| id | title |
|---|---|
part-7 |
Part 7. Functional Programming |
Contributors:
- Sergi Dote Teixidor
Functional programming is a paradigm that puts attention on functions. But this definition can be a little confusing since developers are coding using functions and methods and this doesn't mean they are programming following the Functional Programming paradigm.
Functional Programming talks about abstract control flows, data mapping, operations, immutability, and other concepts we are reviewing in the next steps.

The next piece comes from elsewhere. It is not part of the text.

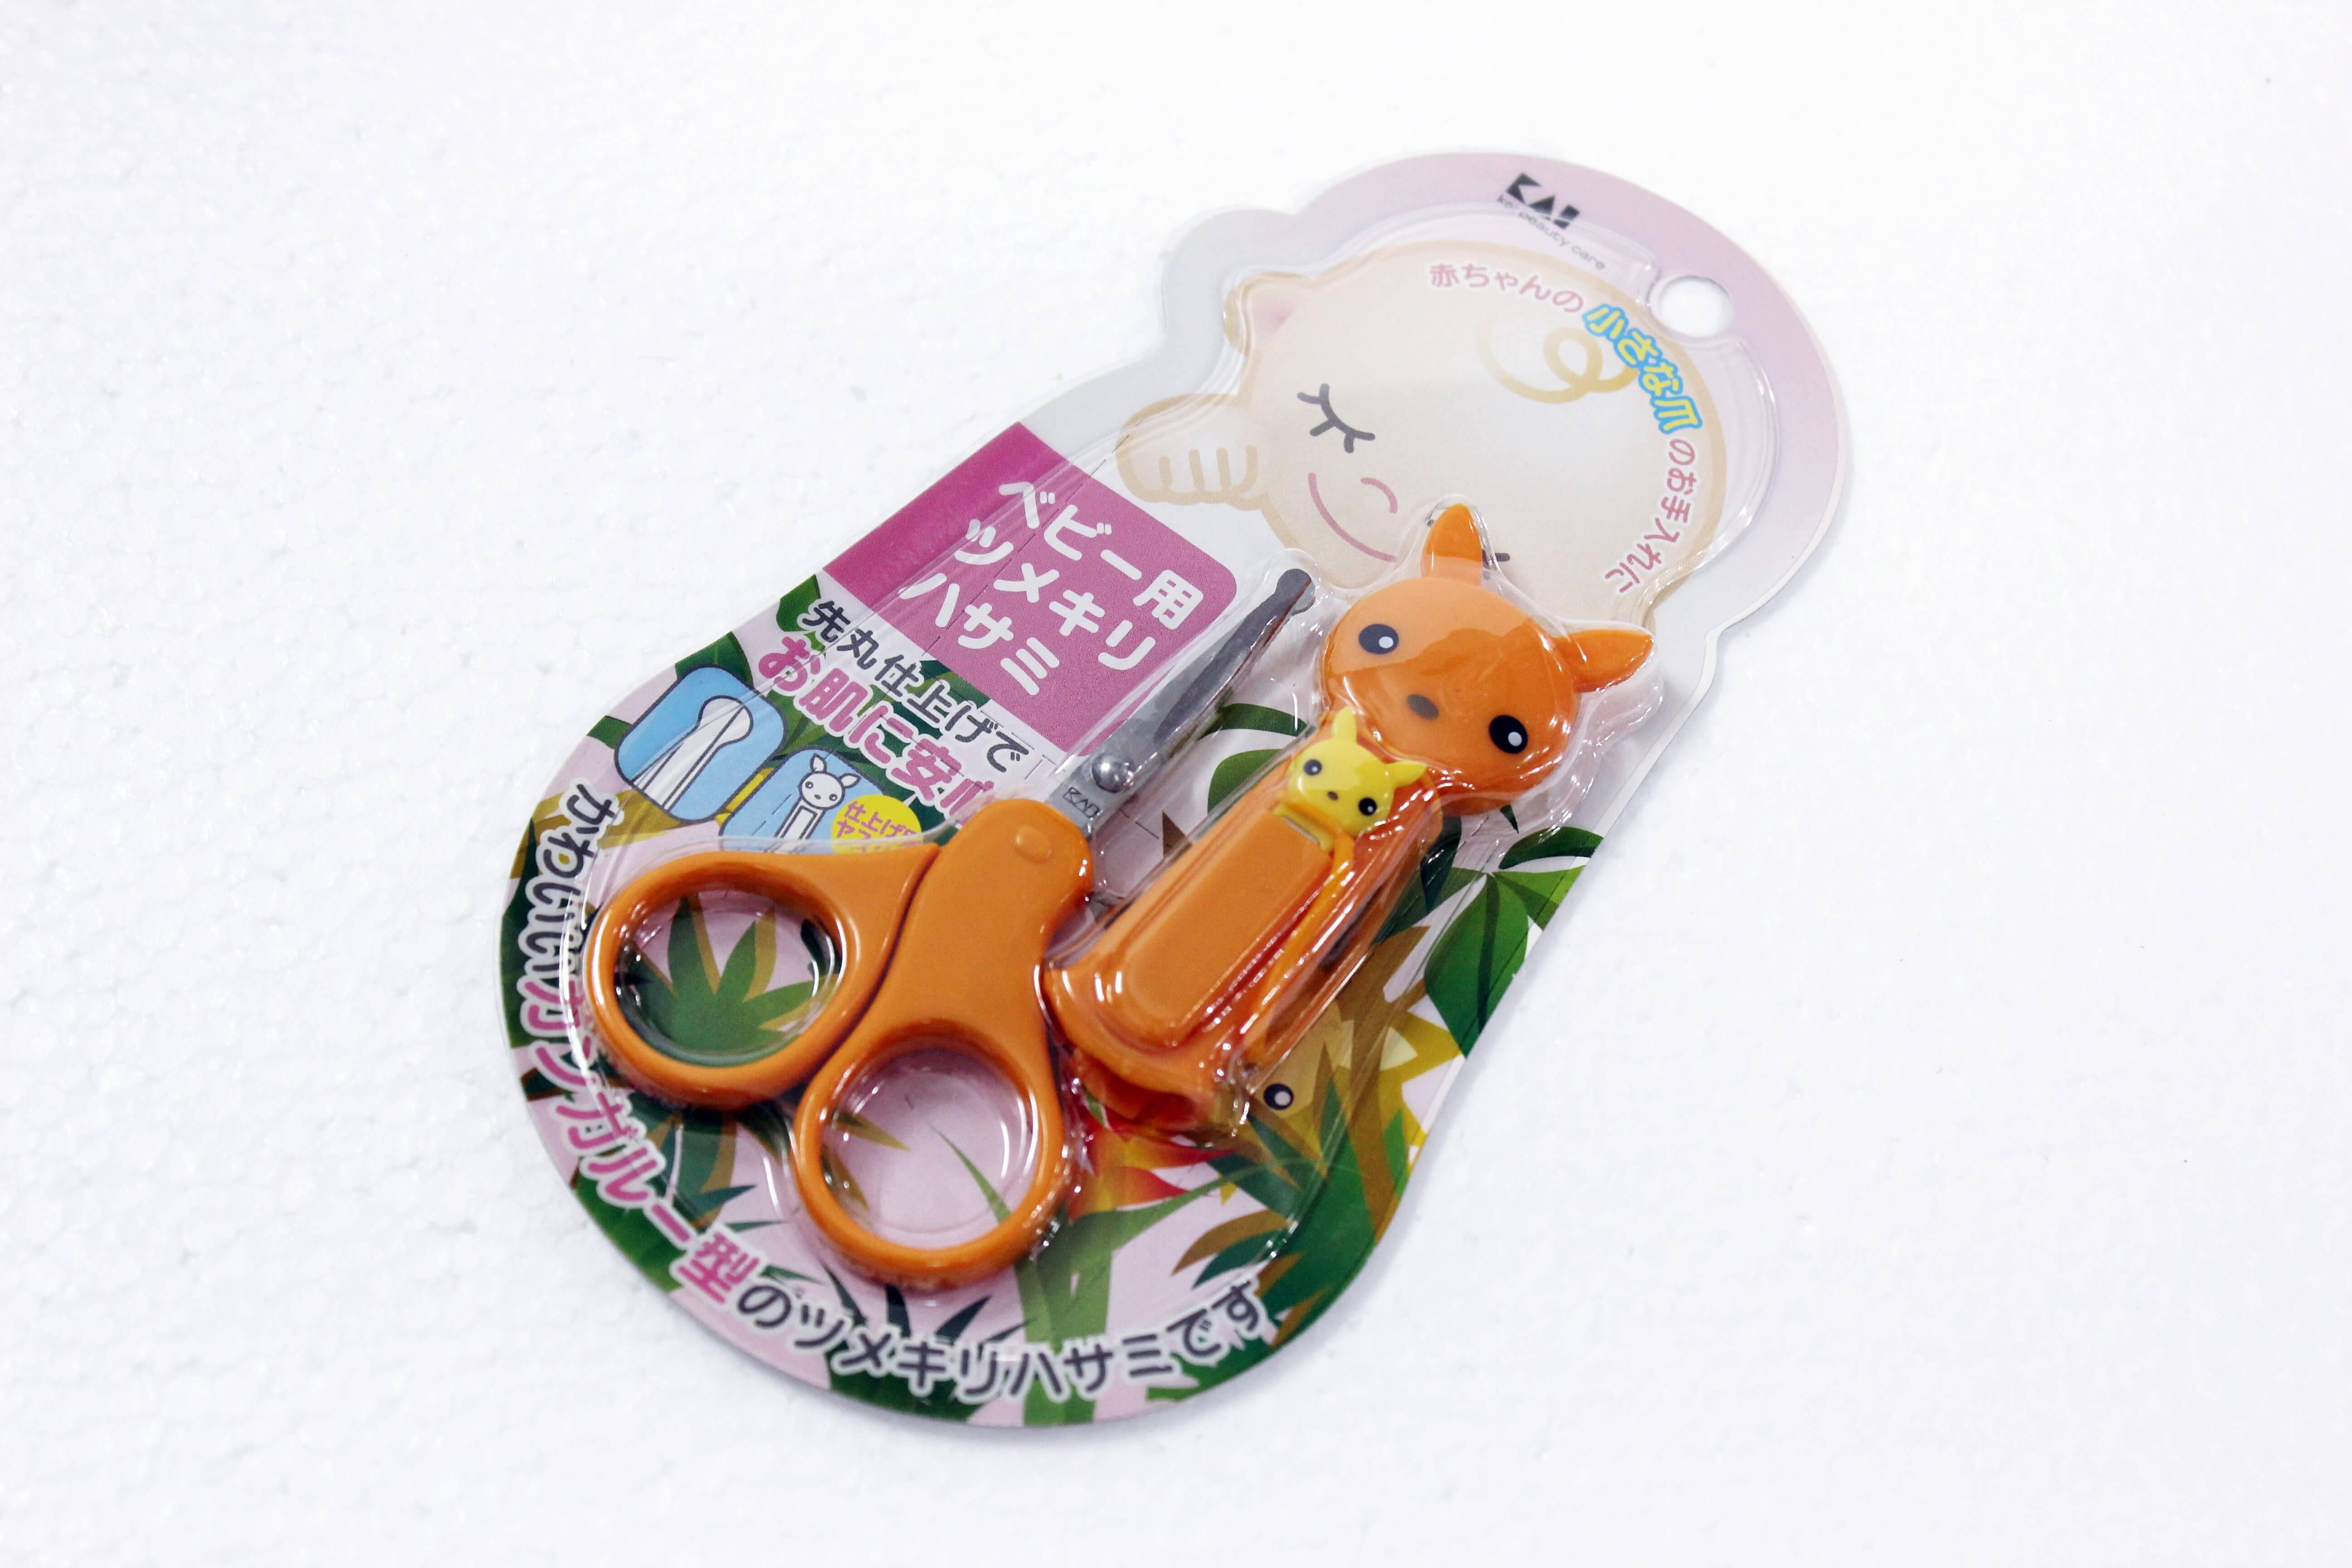 Kéo cắt móng tay cho bé kèm nắp đậy KAI- Hàng Nhật nội địa

Change our mind to a Functional Programming perspective takes a while.
Functional programming comes from mathematical logic, and λ-calculus. The λ-calculus helps us to describe programs as data transformations using function applications.
Functional Programming teaches us to decompose a problem into simple functions and chain them to get a result. Thinking like this, we can break the complexity of a program and achieve any problem as a sequence of easy steps.
A perfect description is what Michael Feathers said:
OO makes code understandable by encapsulating moving parts. FP makes code understandable by minimizing moving parts.
There are two programming paradigms:
Imperative: It determines HOW TO DO things, describing step by step what we need to do to get our result. Each instruction changes the state.
Declarative: It determines WHAT TO DO, not HOW.
Under this paradigm we define which operations are involved but we don't specify how to do in the low-level (loops, conditions, assignments, ...).
Functional programming is declarative, it defines operations and data flows without any strict control flow definition.
In this section, we list the key features of FP.
We cannot modify immutable data after its creation. When mutating data, we are producing side effects and we cannot ensure the program's correctness.
Immutability is a core concept of Functional Programming, without it, you cannot ensure the data flow is working properly, getting a buggy program.
With Functional Programming our code becomes immutable, using pure functions. Pure functions don’t manipulate outer variables or input parameters: Same inputs produce same outputs.
Pure functions don’t have side effects, getting a simpler code.
This is a pure function (we never mutate the val parameter):
const increment = (val: number) => val + 1;When using impure functions, we are running into side effects. In this case we cannot predict code alterations, and that produces buggy code. Side effects modify the state of the program or system, resulting an uncontrollable and unreliable code.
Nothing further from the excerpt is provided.